Four Robert Morris players suspended from university for one year

Written by Craig Meyer on .

 Four Robert Morris University basketball players, including standout forward Jeremiah Worthem, are suspended from the university for a year for their alleged involvement in unspecified activities, the school confirmed this morning.

The university last week said that Worthem and fellow Colonials Britton Lee, Evan Grey and Shaire Tolson-Ford were suspended from the team for what were described as violations of university policy, but it was not specified how long the suspensions would be, nor were their respective statuses as students clarified.

The alleged transgression “carries a mandatory one-year suspension from Robert Morris,” school spokesman Jonathan Potts told the Post-Gazette.

He reiterated the university’s position that it will not specify the nature of the alleged violation of university rules.

“No criminal charges will be filed in this matter. Out of respect for these young men's privacy, we will not be disclosing further details,” Potts said today. “As RMU Athletic Director Craig Coleman stated last week, we trust that these young men have learned from their mistake and will become better individuals as a result.”

Potts added in a later email that the four suspended players may be permitted to re-enroll for the spring 2015 semester. Robert Morris coach Andy Toole did not indicate whether the players would be welcomed back to the team when the university’s suspension ends.
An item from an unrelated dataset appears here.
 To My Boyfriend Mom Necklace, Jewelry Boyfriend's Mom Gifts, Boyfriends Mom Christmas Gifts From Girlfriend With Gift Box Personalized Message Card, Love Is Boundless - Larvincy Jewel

“That’s something we’ll talk about when the suspension runs out," Toole said.

As recently as Tuesday of last week, the four players had worked out as team members. The suspensions were handed down before Thursday’s win against Sacred Heart University.
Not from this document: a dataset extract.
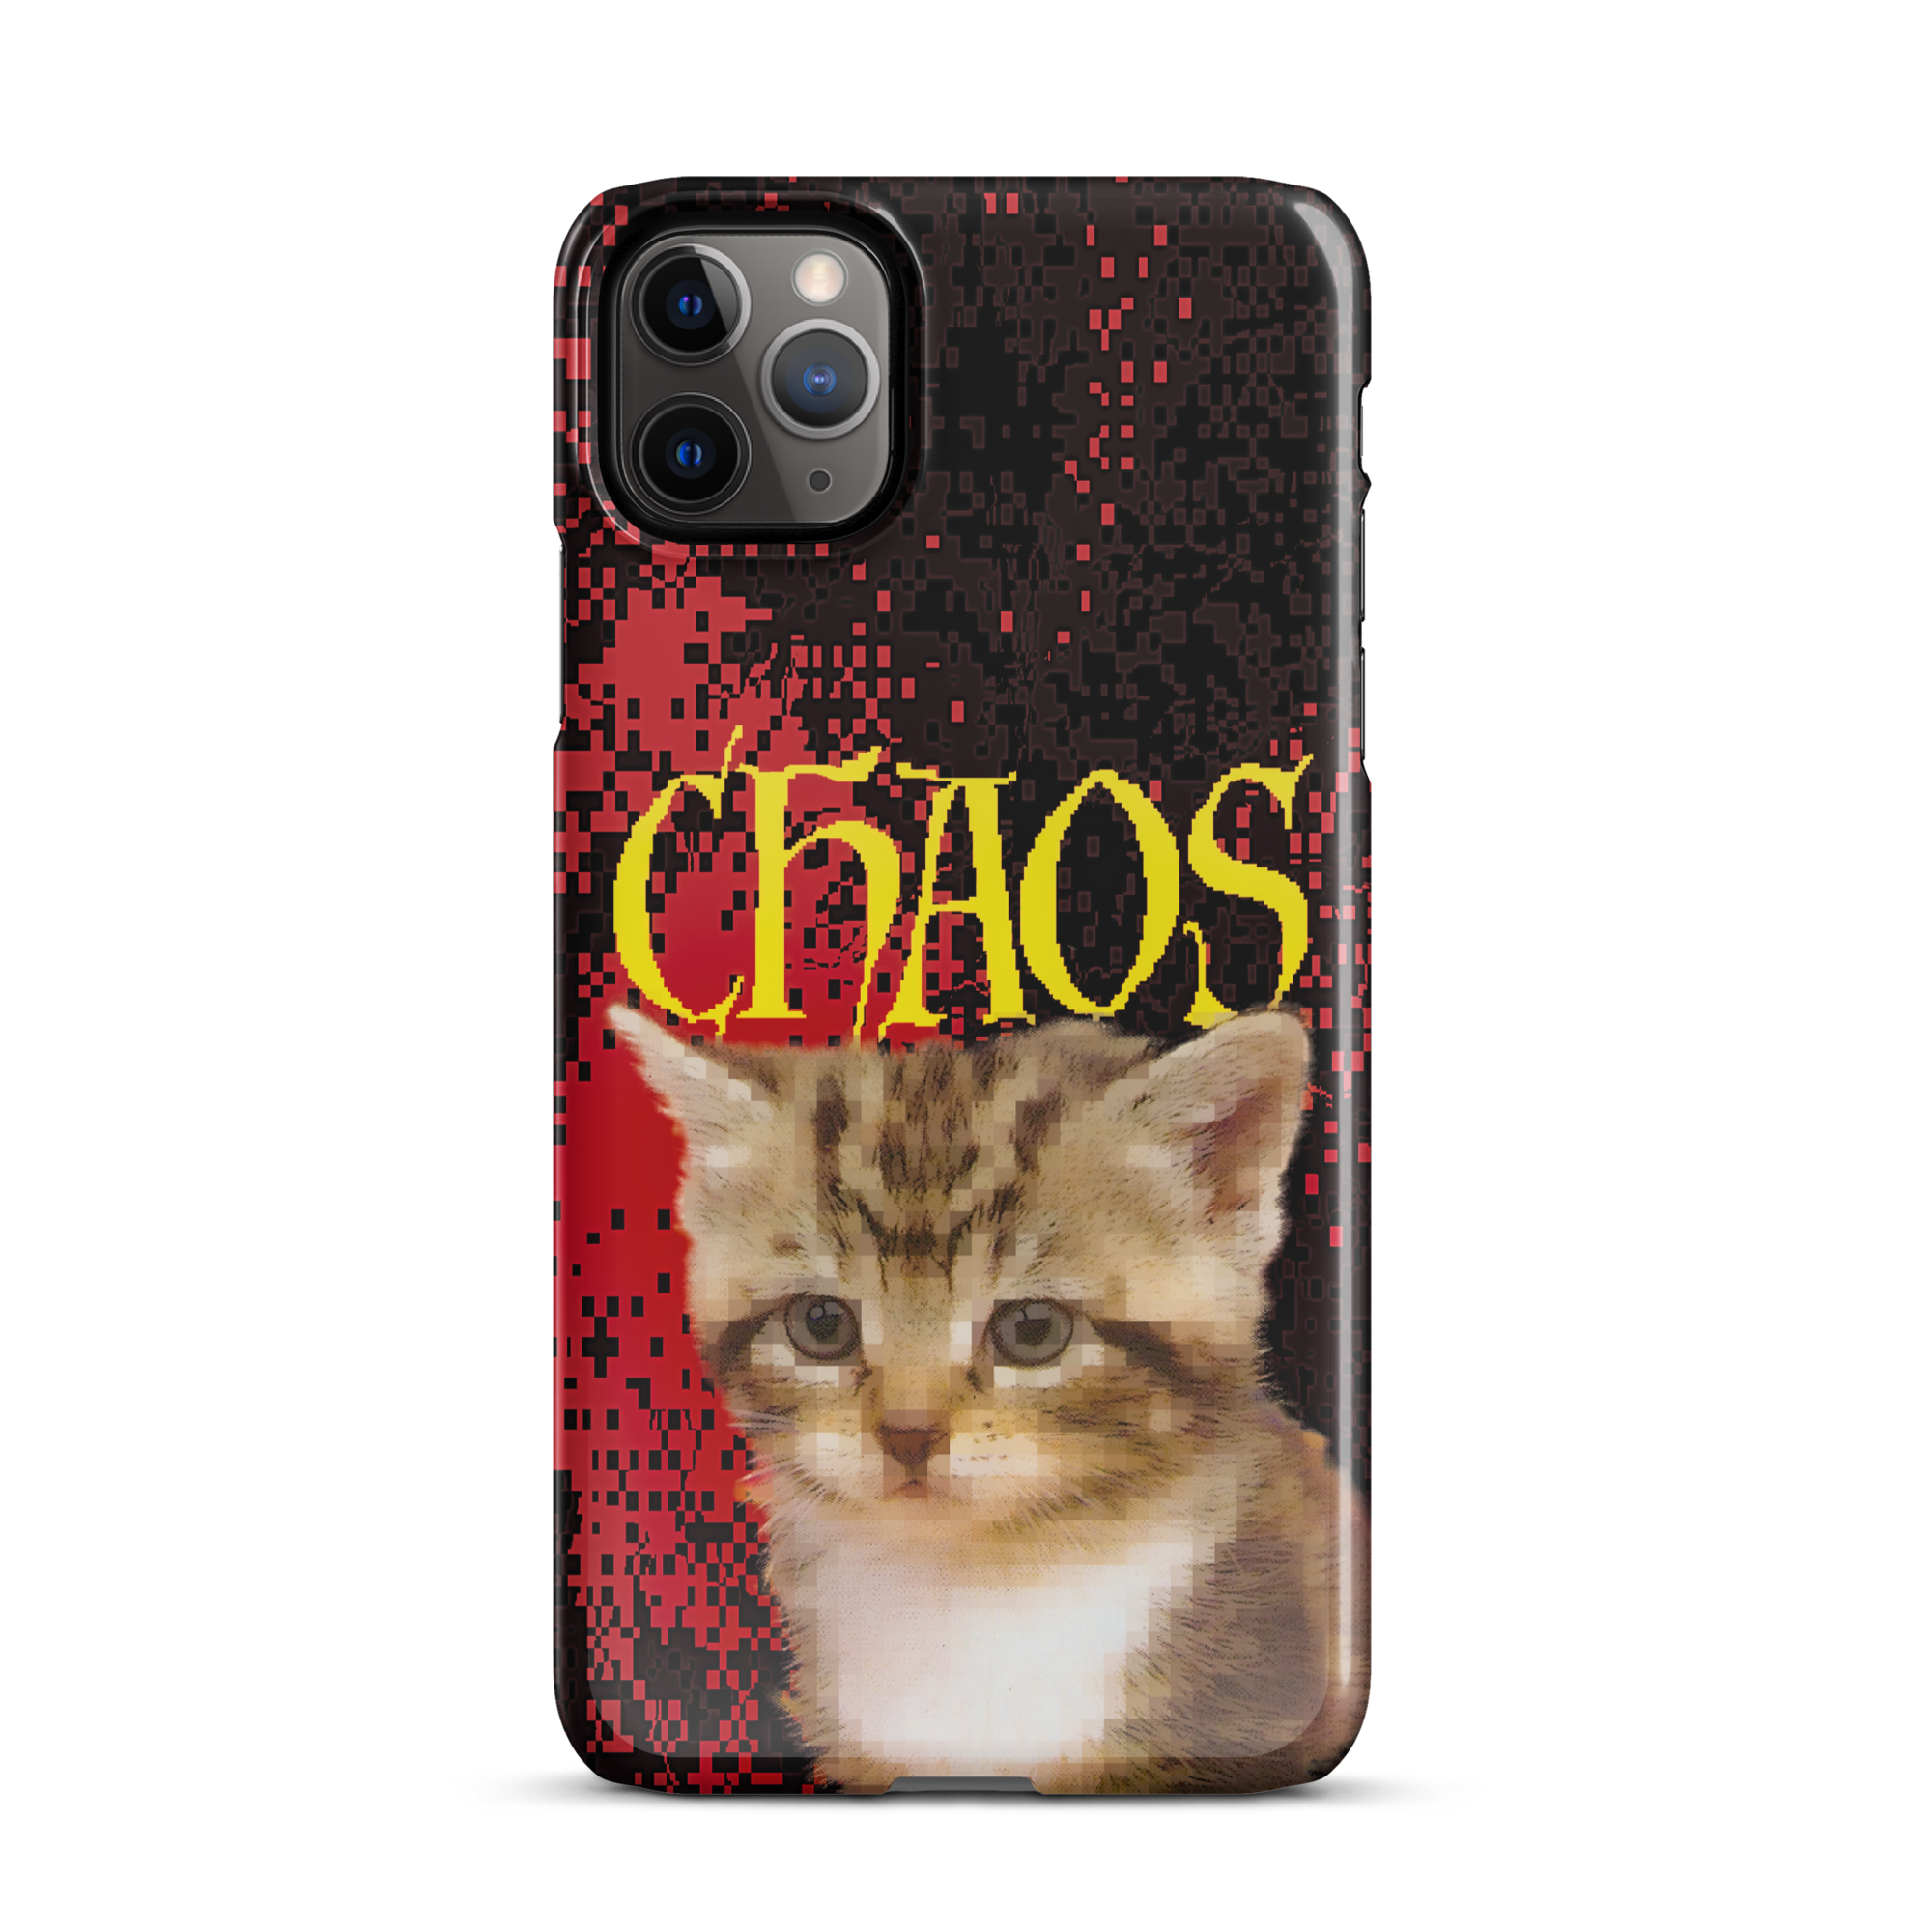 iphone snap case - cha0s

The loss of Worthem is a particularly significant blow. The 6-foot-6 freshman and starting forward from Philadelphia had averaged 8.9 points and 4.1 rebounds per game. He was also the Northeast Conference rookie of the week last week after averaging 16.5 points in victories against Saint Francis and Mount St. Mary's on Jan. 16 and Jan. 18, respectively.

Lee, a fellow freshman from Philadelphia, appeared in only four games this season while Grey and Tolson-Ford are both walk-ons. 

Potts did not specify whether campus disciplinary proceedings were pending or had been completed.

The suspensions and absences of two other players -- forward/center Mike McFadden and guard Desjuan Newton -- who are deciding whether to return to the team effectively reduced its squad to eight members. The Colonials have won their past six games, giving them their first-ever 6-0 start in NEC play.

Despite the recent transgressions by some of his players, Toole noted that adherence to rules is something that's consistently espoused by Robert Morris coaches and officials.

"There’s not many weeks that go by where we don’t discuss how you have to try to conduct yourself and handle yourself on campus, in the community, in class because regardless of what’s happened the past week, there have always been a lot of eyes on our program and our players," he said. "So making the right decisions and doing the right things is something we stress on a daily basis. I wish we could get the message through to everybody all the time, but it unfortunately doesn’t work that way.”

Even with that recent success, remaining players reiterated how much the suspensions have hurt the team, both from a basketball and personal standpoint.

"I know they’re not allowed at Robert Morris games right now, but we still keep in contact," forward Lucky Jones said. "They’re still our brothers. We still have a lot of love for them and hopefully wherever they go, they continue their basketball career and do something special with it.”

Senior guard Karvel Anderson, the Colonials' leading scorer, echoed Jones' sentiments about the loss of the four players, particularly Worthem.

“It definitely hurts," Anderson said. "That’s a brother to all of us. This is a family, so whenever you lose one of your family members, that always hurts. We think about that all the time, but at the same time, on the court, it would be a shame for that to happen and for us to let go of what we’ve been trying to accomplish.

"Something like that hurts, especially for someone like Jeremiah. He was doing really well here and he was starting to get things, so that hurts him. Our relationship, personally, didn’t change at all. We have each other’s best interests at heart. Whatever he does going forward, I know he’s going to do to the best of his ability.”